EXERCISE AIM ▸ Whenever a picture appears in the data, skip it and write out all other material exactly.

SUPPLIED INFORMATION ▸
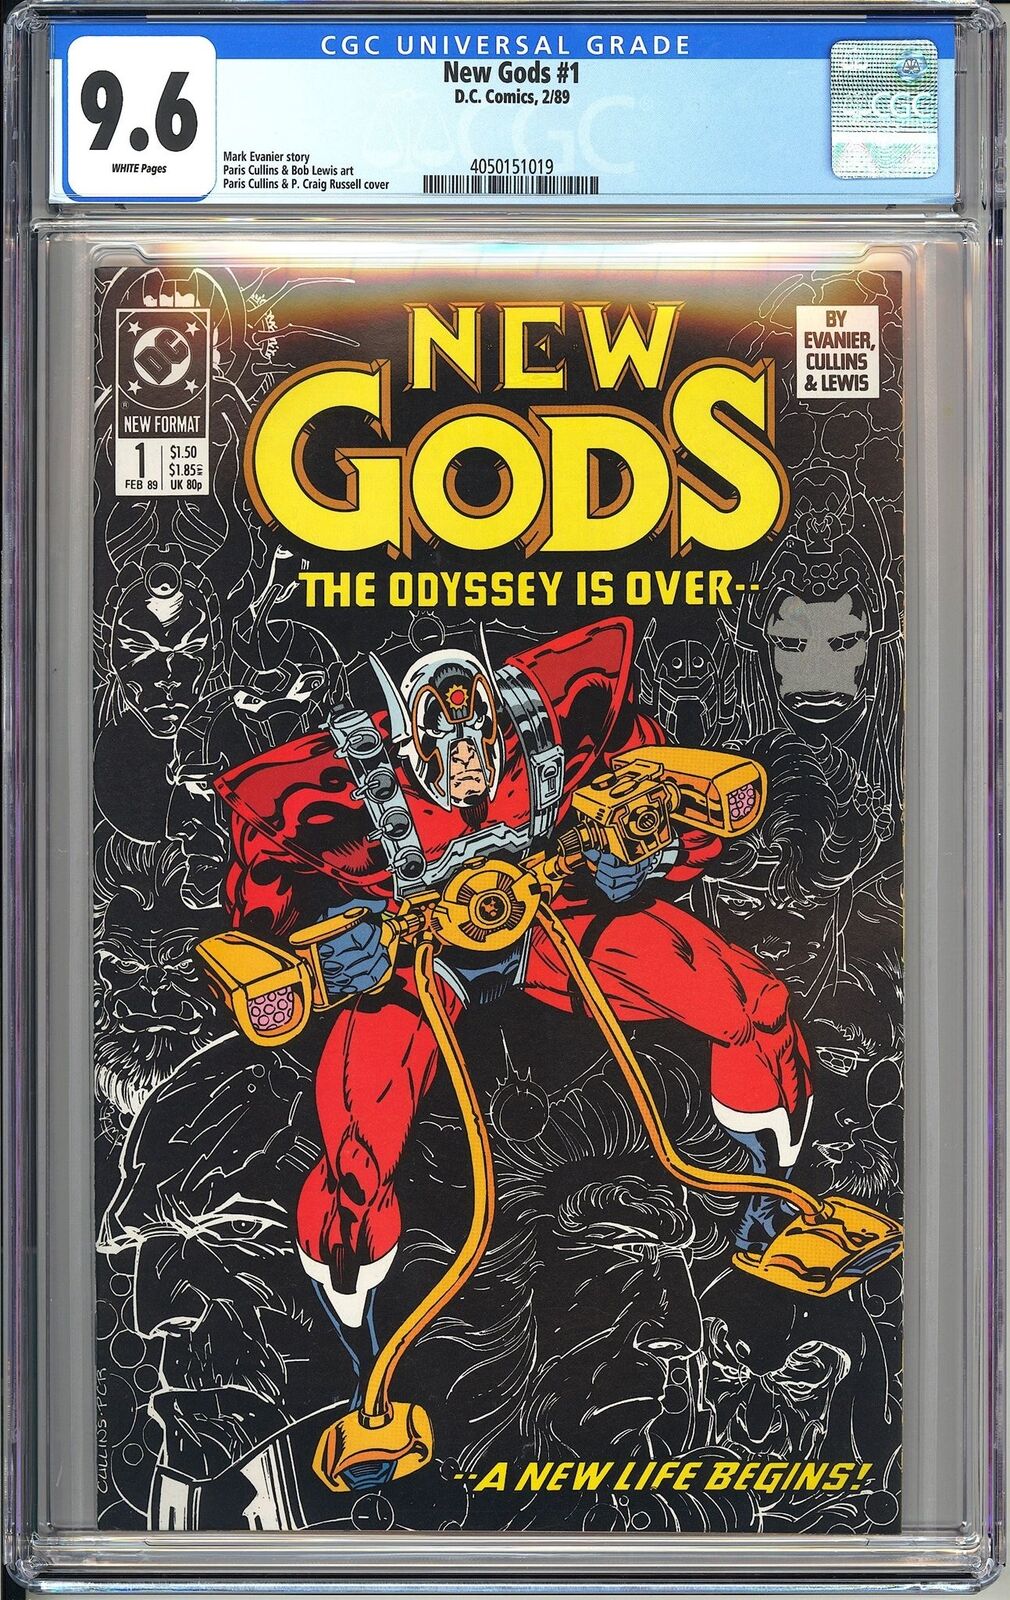 New Gods #1 CGC 9.6 1989 4050151019 1st ISSUE KEY Scarce COPPER AGE
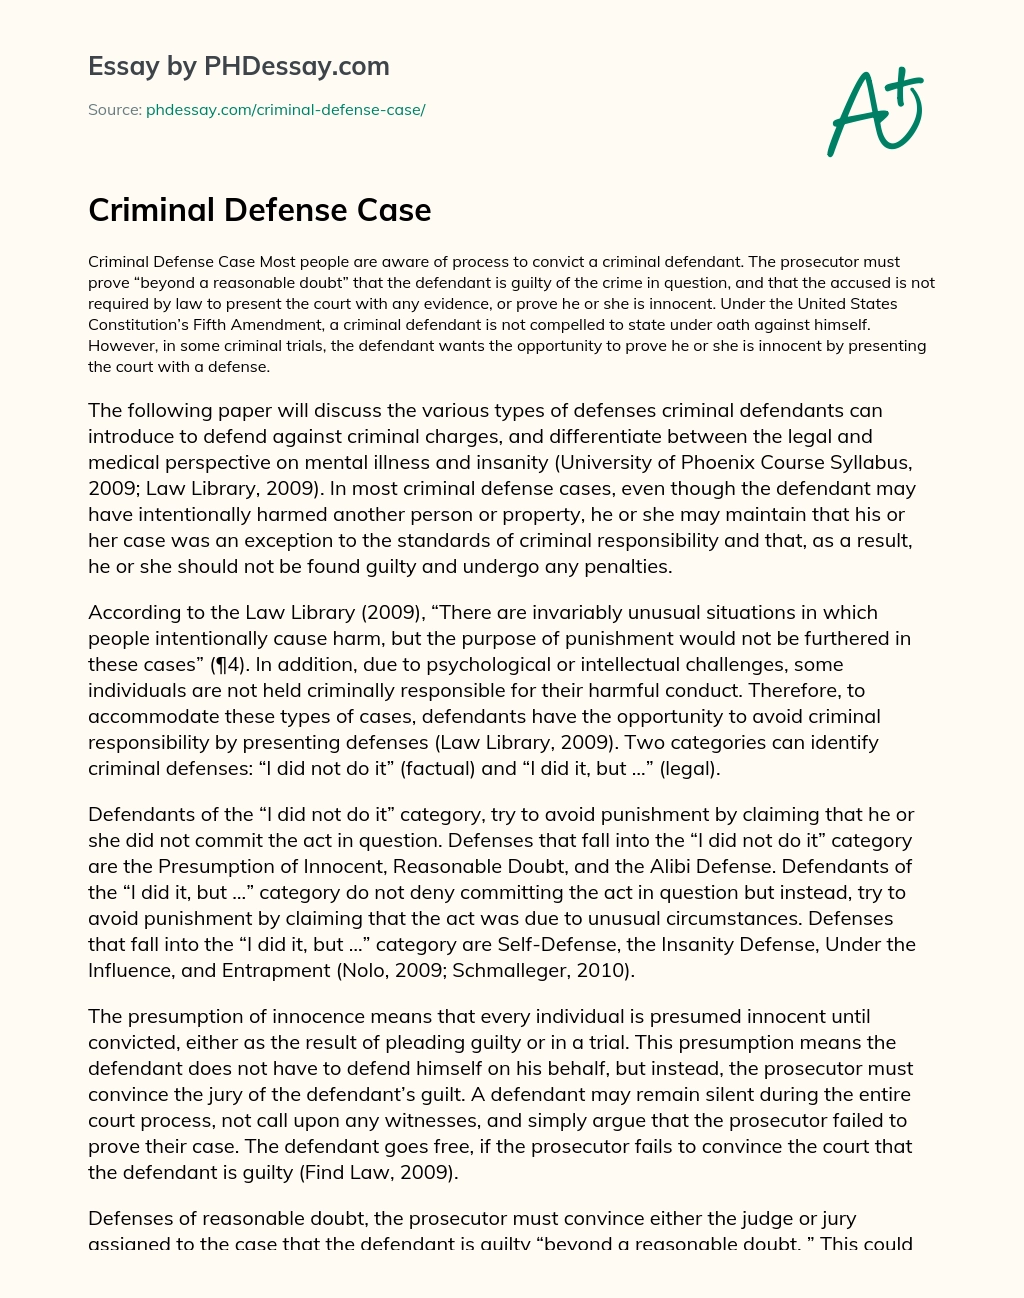 Criminal Defense Case essay
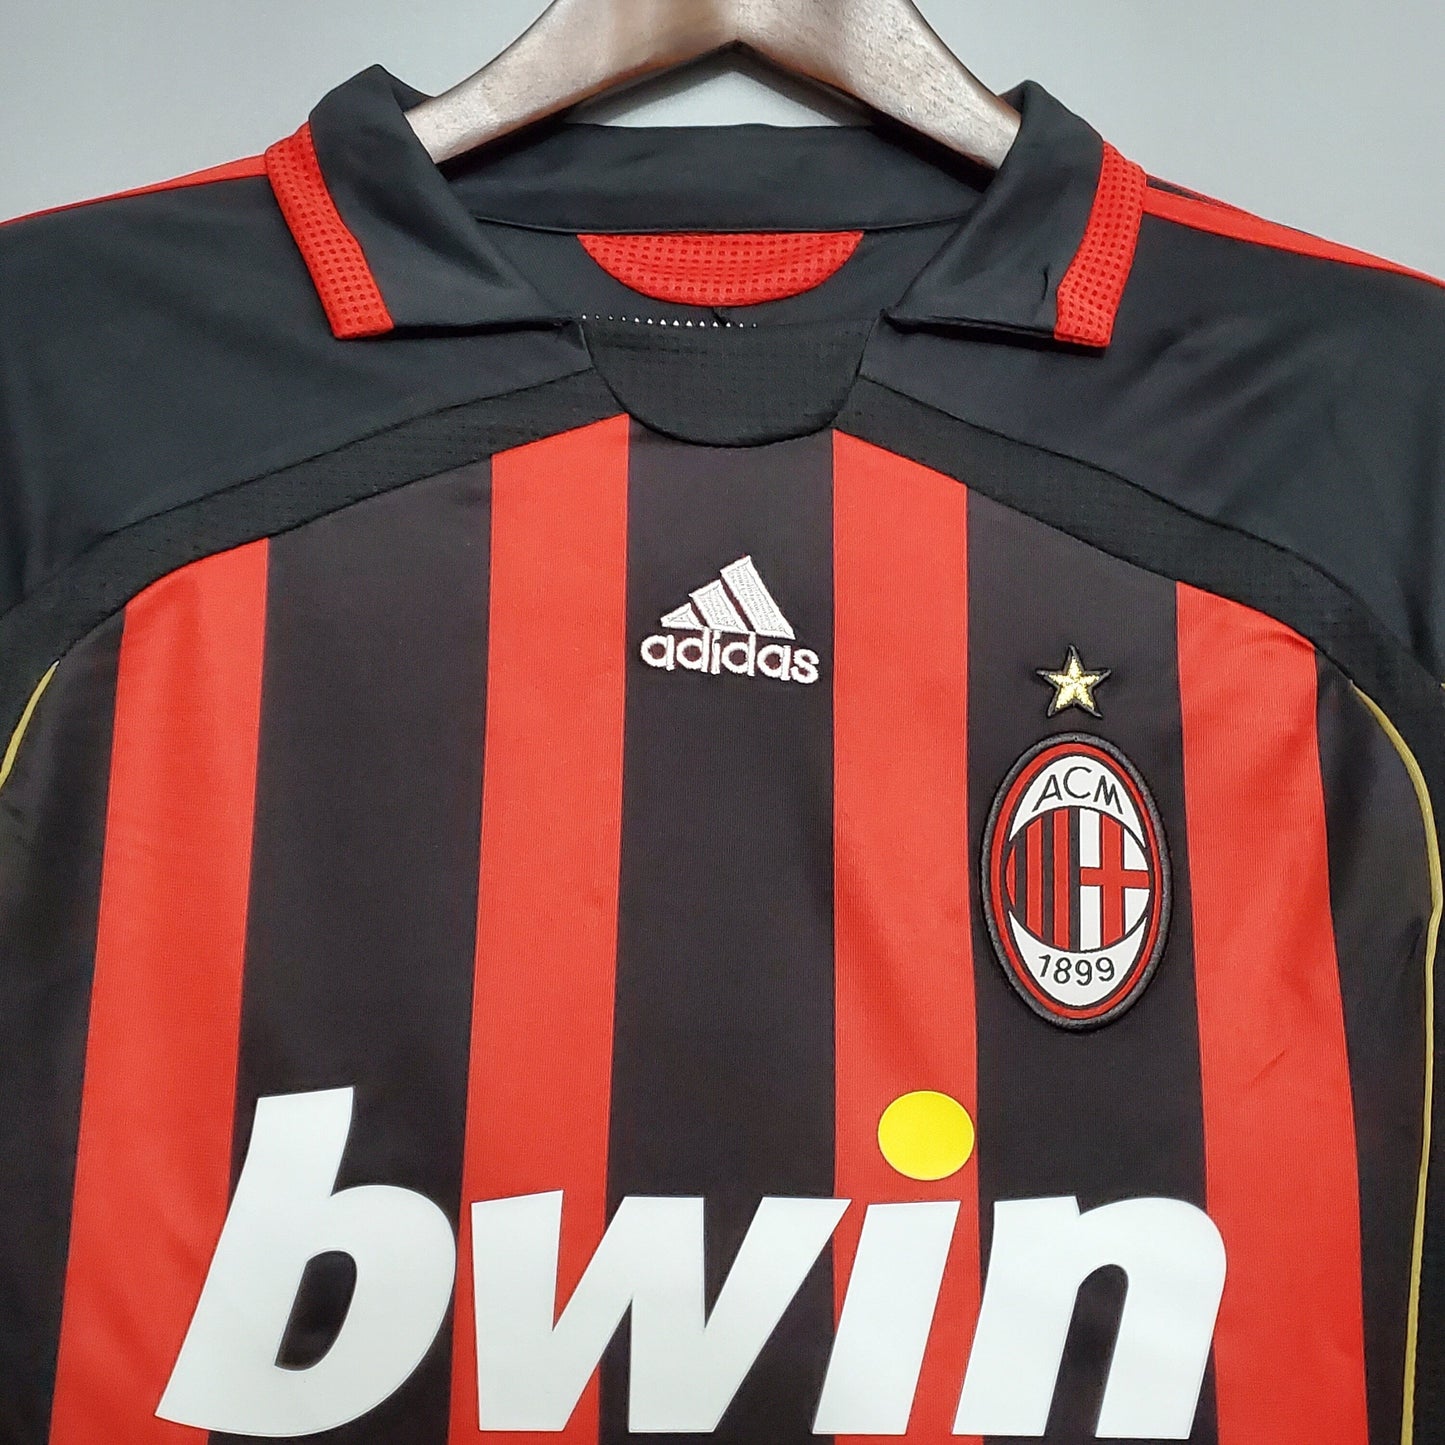 AC Milan 06/07 Classic Retro Home Shirt - Kaka/ Nesta/ Pirlo
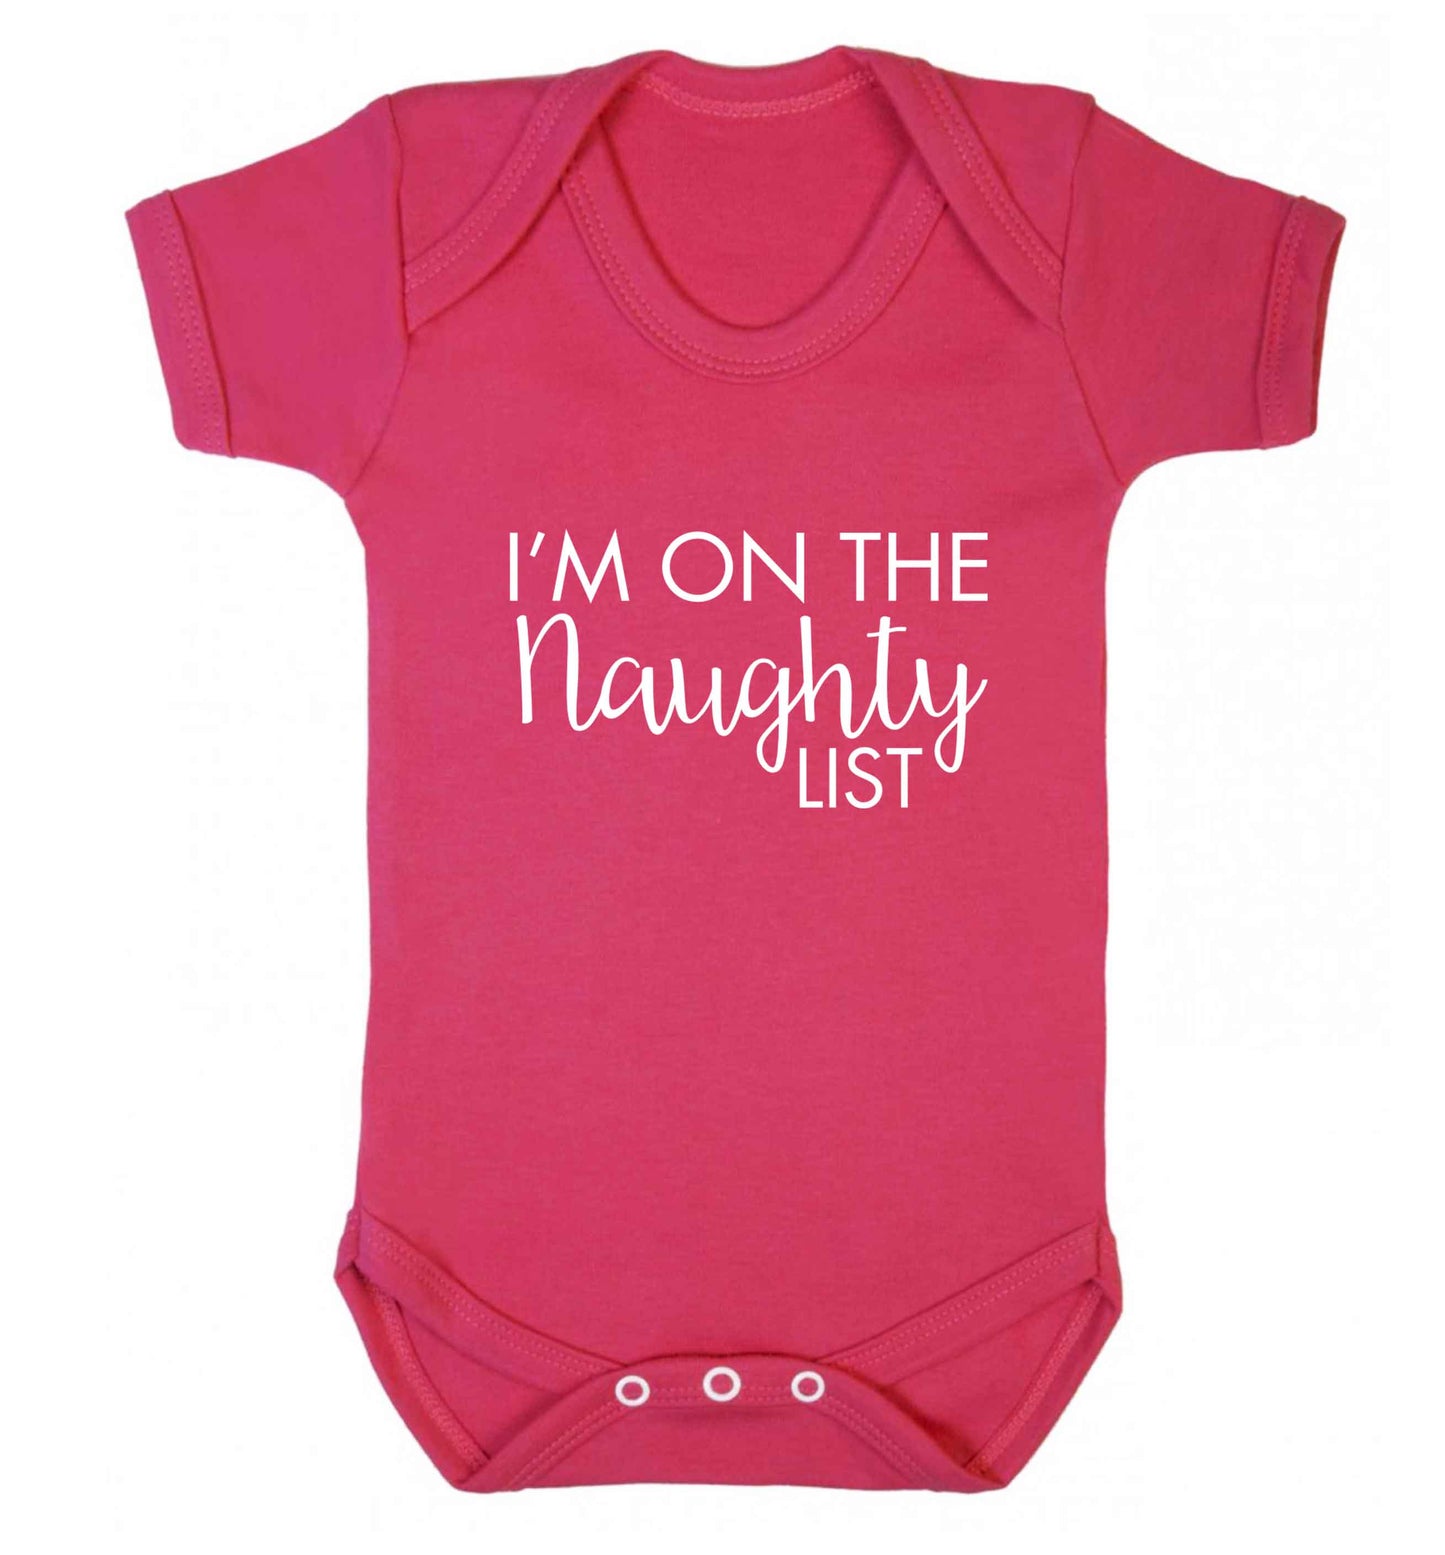 I'm on the naughty list baby vest dark pink 18-24 months

SOLUTION FOR THIS TASK ▸
 New Gods #1 CGC 9.6 1989 4050151019 1st ISSUE KEY Scarce COPPER AGE
 Criminal Defense Case essay
 AC Milan 06/07 Classic Retro Home Shirt - Kaka/ Nesta/ Pirlo
 I'm on the naughty list baby vest dark pink 18-24 months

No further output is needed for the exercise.